Процесс интернализации можно назвать также демифологизацией: то, что прежде наделялось независимым существованием, мыслилось как отдельная сущность, признается внутренним фактом сознания. Миф о «внешнем» мире, о «внешних» смыслах, о «внешнем» Боге отвергается. Что выявляет как бы саму сущность человеческого, прежде скрывавшуюся в символических действиях. Эта демифологизация обусловливает порыв к освобождению от любых правил и условностей, а фактически – от символизации в целом, которая отныне вся определяется как узкая сфера эстетического, формального, условного. Вся культура, вся специфически человеческая деятельность, осознается как произвольная, условная, эстетическая. Потому и происходит упадок эстетики в жизни: во все эти формы можно «поиграть», но реальной необходимости в них, как теперь видно, нет. Однако тем с большим энтузиазмом и самозабвением в демифологизированном мире человек начинает придаваться тому, что, как он прекрасно знает, есть только игра: искусству, спорту, моде, просто развлечению. Сфера «необходимости» и сфера «игры» осознаются как раздельные, и только в этих условиях игра может утвердиться как таковая, даря радость через сознание себя играющим.

В то же время, чем более условной и субъективной признается игра, тем, меньше у нее шансов на то, чтоб наполнить собою «реальную жизнь». Потому вместе с осознанием внутренней свободы возникает и осознание невозможности реального освобождения, сознание тотального детерминизма. Это противоречие всегда обнаруживается в основаниях пессимистической критики, неизбывной тоски, характерной для постмодерна.

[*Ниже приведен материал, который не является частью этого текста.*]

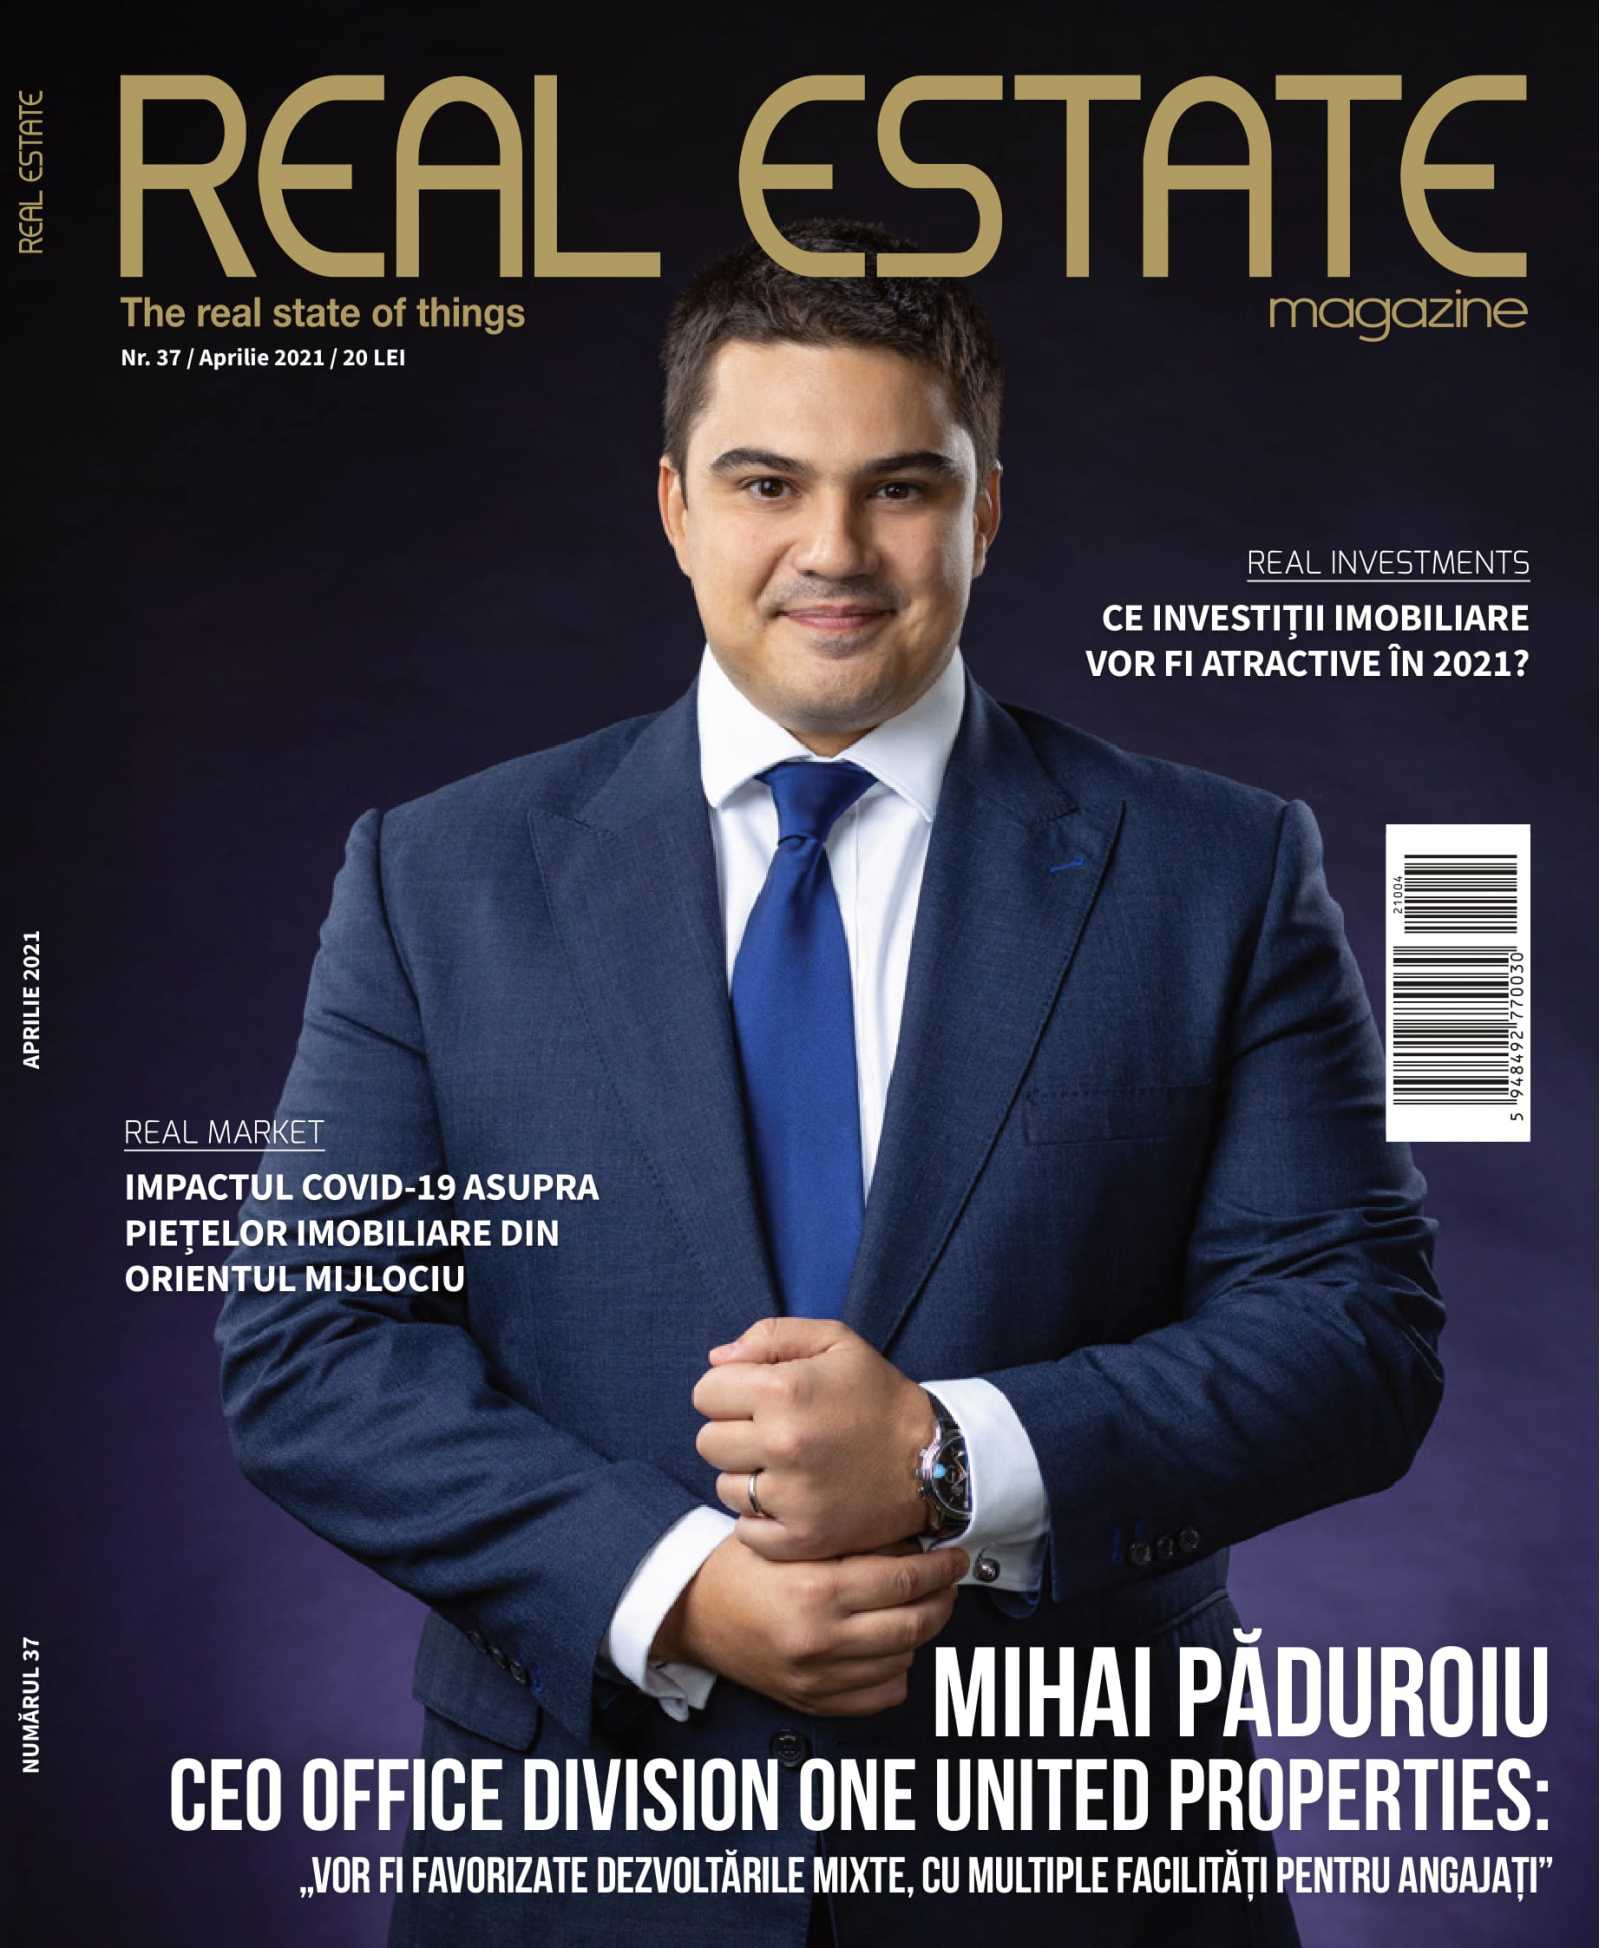 Real Estate Magazine Cover

«ЛИНГВИСТИЧЕСКИЙ ПОВОРОТ» В ФИЛОСОФИИ XX ВЕКА

Однако прежде, чем перейти к разговору об этой критике, стоит рассмотреть ряд других, связанных с только что описанной, специфических характеристик культурной ситуации XX в.

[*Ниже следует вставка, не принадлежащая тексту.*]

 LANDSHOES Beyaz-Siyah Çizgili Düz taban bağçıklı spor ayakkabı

«Именно способ подхода к решению проблем, а не то, в чем конкретно они заключаются, закрепляет их за данной эпохой… “Методика” решения (или трактовка) проблемы начинается с ее первоначального выражения в виде вопроса… В философии такая расстановка проблем является самым важным вкладом какой-либо школы, направления или эпохи. Это и есть “гений” великой философии; в его свете возникают, господствуют и умирают системы. Следовательно, философия больше характеризуется формулированием своих проблем, а не решением их. Ее ответы устанавливают строгую систему из фактов, но ее вопросы создают структуру, в которой из фактов вычерчивается картина. Вопросы создают больше, чем структуру, они задают точку зрения, дают палитру, стиль, в котором рисуется картина, - все, кроме объекта. В основе наших вопросов лежат принципы анализа, и наши ответы могут выражать все, что эти принципы способны дать»[107], – так говорит в начале своей знаменитой работы «Философия в новом ключе» (1969) С. Лангер, ученица неокантианца Э. Кассирера, развивающая его концепцию «символических форм» и выводящая на первый план среди проявлений человеческой активности язык. В той же книге она утверждает, что «по-видимому, нет никаких простых, аморфных или несовершенных языков, какие, например, естественно было бы обнаружить у людей с низким уровнем культуры. Народы, которые еще не изобрели текстиль, которые живут под крышами из сплетенных ветвей, все еще не испытывают потребности в частной собственности и не знают никакой безнравственности, хотя и жарят на обед своих врагов и, при всем этом, несмотря на свои безобразные пиры, общаются на языке столь же грамматически правильном, как греческий, и столь же беглом, как французский. С другой стороны, животные совершенно не имеют речи…»[108] Здесь, а не где-либо, проходит граница: в способности к символизации. В ней Лангер видит главное отличие человека от других живых существ и главный признак наличия сознания. Все остальное в человеческом мире, или в «мире культуры» зависит уже от способности к символизации, все порождается ею, конституируется ею. Символизация проводит границу между миром природы и миром культуры, формирует этот мир, задает его принципы, его первоначало, его «архэ», далее которого уже невозможно идти, так как все, о чем бы мы ни говорили, мы говорим в языке, и выйти за его пределы мы уже не можем.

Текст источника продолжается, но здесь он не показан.